I havent really anticipated anything that you do in the first year of your life would leave me so proud of you and myself and leave me beaming all over. You are a very social kid and you are very happy when around people, you dont shy away from the people you see daily. You should have a person that you trust with you to go to anyone happily. If we are around, you are too happy to go to strangers even. If for some reason they try to walk away taking you far from our vision, then you raise a siren so loud that no one dares to do that. We had been to the doctor's office, you were running a fever but seeing other kids crying you just stopped sobbing and set about making them happy, smiling at them, touching them, looking them in their eyes, making funny faces, noises and even sharing your toys.. this to elder children than you, a 10-month-old cheering up 5-something-year olds... well, I am impressed and you can only imagine how bloated I was than my already bloated self, top of the world, extremely happy to see you put in efforts to make others happy, what else can I ask for. I havent even set about teaching you and you already do it, guess you have it in you. JUST be like that.

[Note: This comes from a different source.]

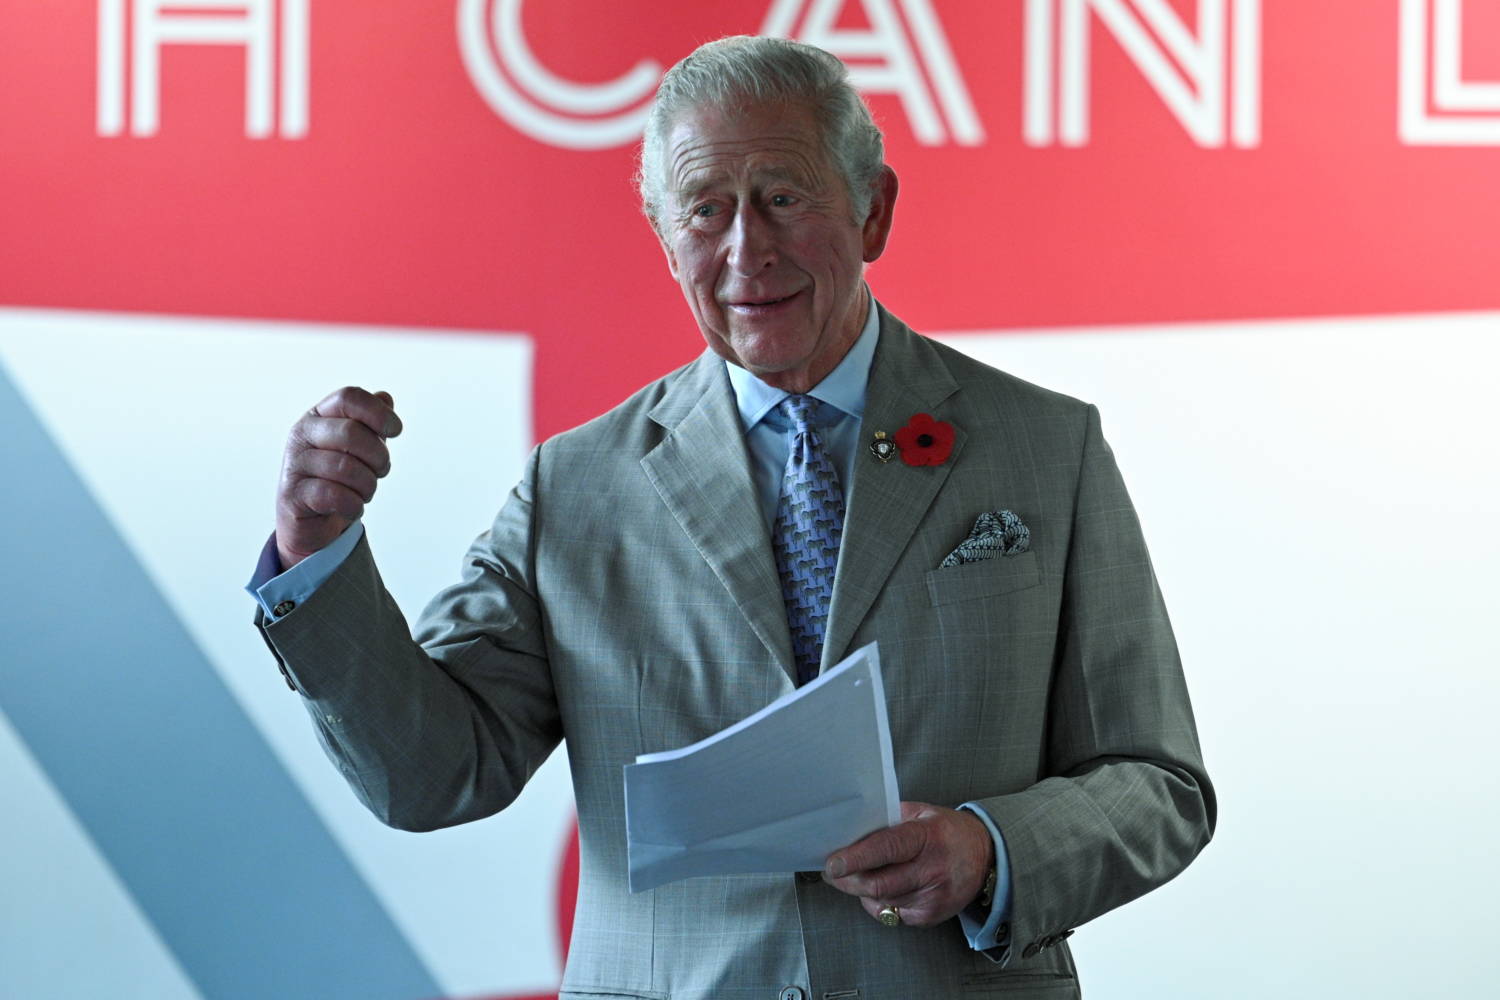 Britain's Prince Charles Visits Cheryl's Trust Centre In Newcastle Upon Tyne
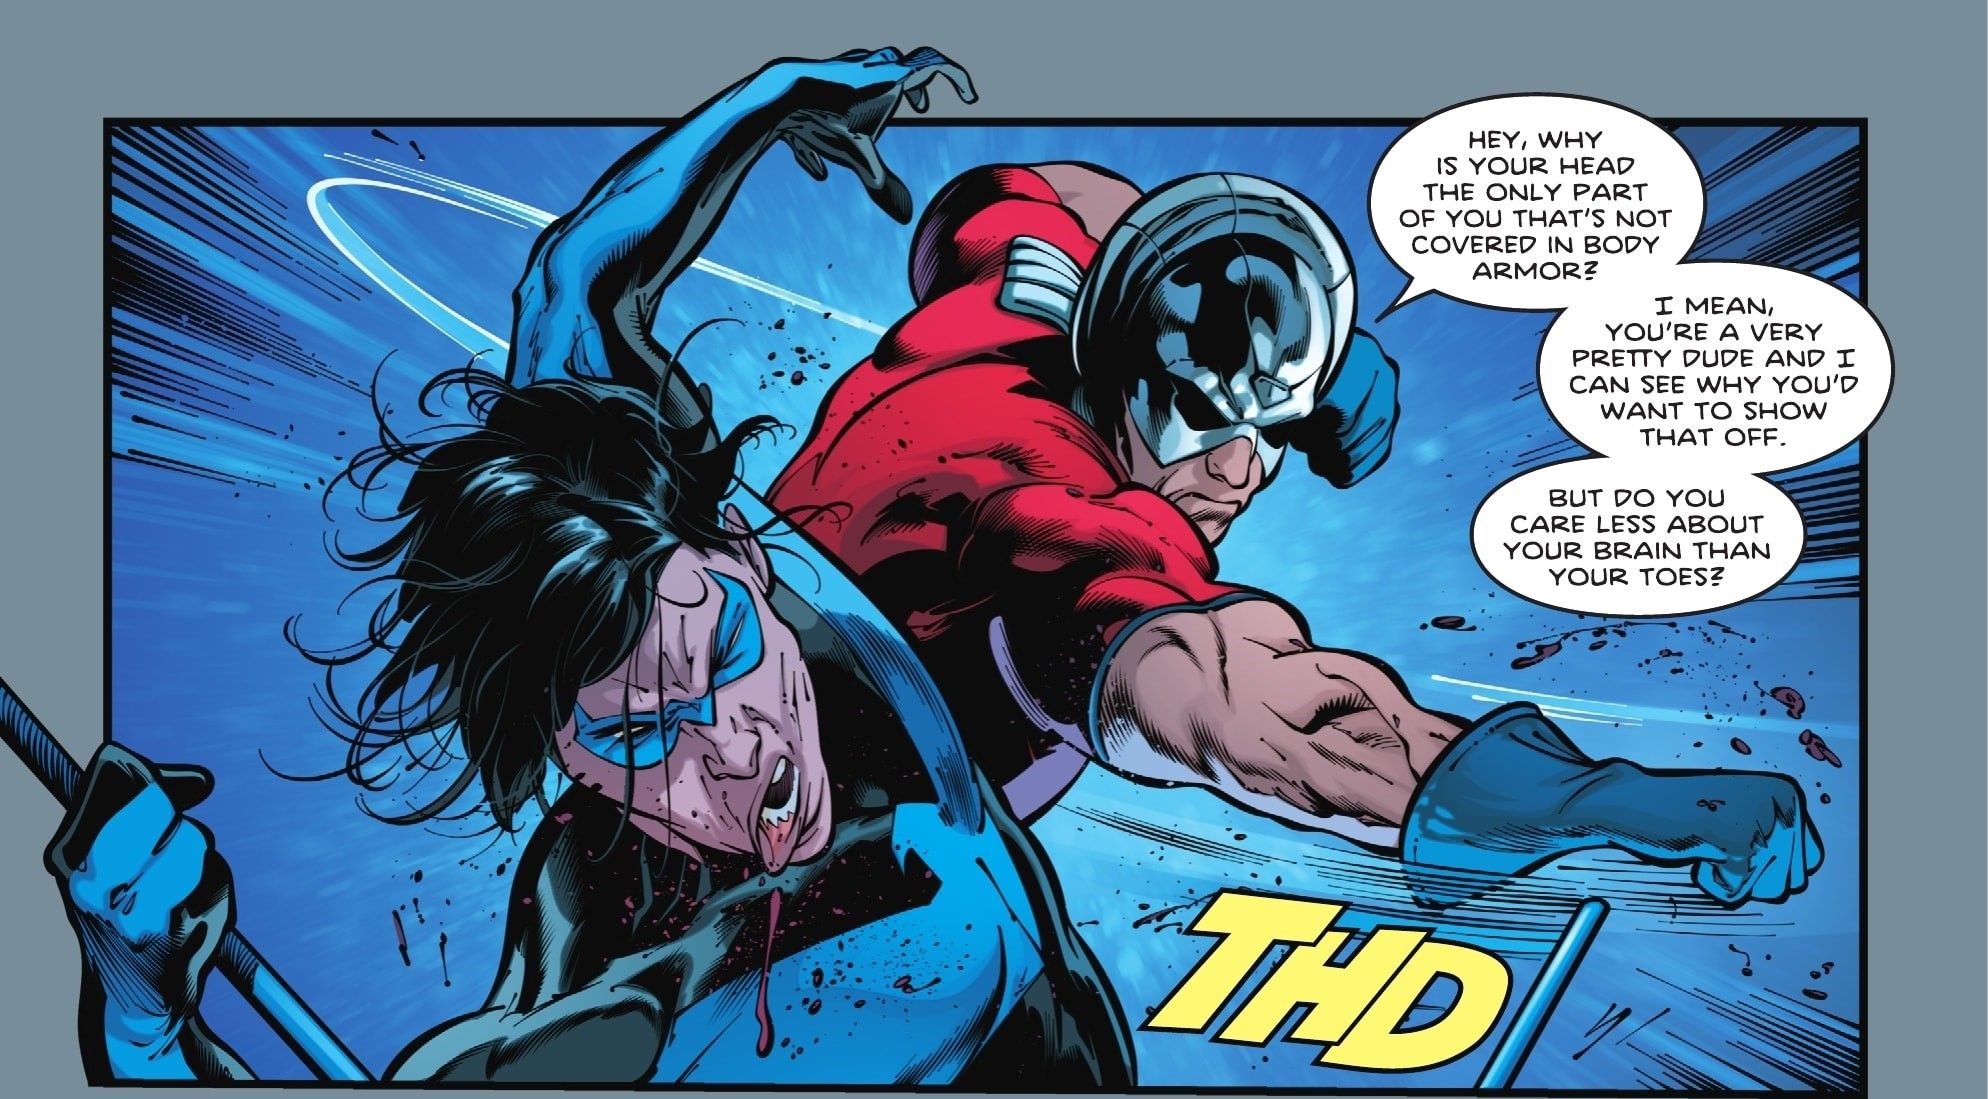 TITANS BEAST WORLD #5 featuring Peacemaker punching Nightwing in the face.

Then suddenly it dawned on me why you are loved by all, why no one even bothers to hand you over to me when you soil their clothes, why they dont think twice before cleaning you up with their right hand if there is a potty accident, why they dont mind when you lick them all over or stuff their mouth with something that you have been chewing for a long time covered with your drool.. that is because my sweetheart you are an angel who gives them that unconditional love which is really really rare in this material world. As your mom, I take up every bit of it like a thirsty desert traveler in search of an oasis at the brink of death and so do others. God bless!!!!!
I was scared to bring you into this world so full of malice and selfishness but you prove me wrong that not everything is as bad and as a parent it is in my hands to not let you drift along and get into the mechanical life and just retain this charm and pass it on to next generations. Such a big bad world suddenly seems pretty with so many children... how good would it be if they all just retain that kid's unconditional love towards life.
For the first time, I had those tears of a proud parent.. I guess the other parents and the doc were at loss as to why I was getting all too senti.. they consoled me that the kid is happy and playing why are you crying ;) and I did not bother to correct them.
If I am listing out just good things about you, not to worry the not-so-good ones are here too.. you do not like wearing clothes :((((((((((((((... waaaa... dressing you up is a biiiiiiiig task, shameless puppy :(. You lick, pluck, suck, pull, tear everything and the destination of each and every object is your mouth.. yukkky baby. You do not like juices :(((((, you love water but a little change in taste, phurrrrrrrrrrrrrrrr... gunnai baby, you want to pull off dirt/dust from even the remotest corner... donga pandu baby... but you know what, these are what all the kids do, exploring surroundings and tastes, so over all you are my chitti chichkoo baby.. touchwood.
Be happy, be healthy, take it slow, enjoy each moment of your life, live in the moment like you have been all the while. Spread the same cheer and happiness everywhere you go. Dont ever let that smile of yours fade ever and if it is in your hands, please please dont grow so fast.
Love you loads,
a silly mom with nonstop tears at each of your milestones.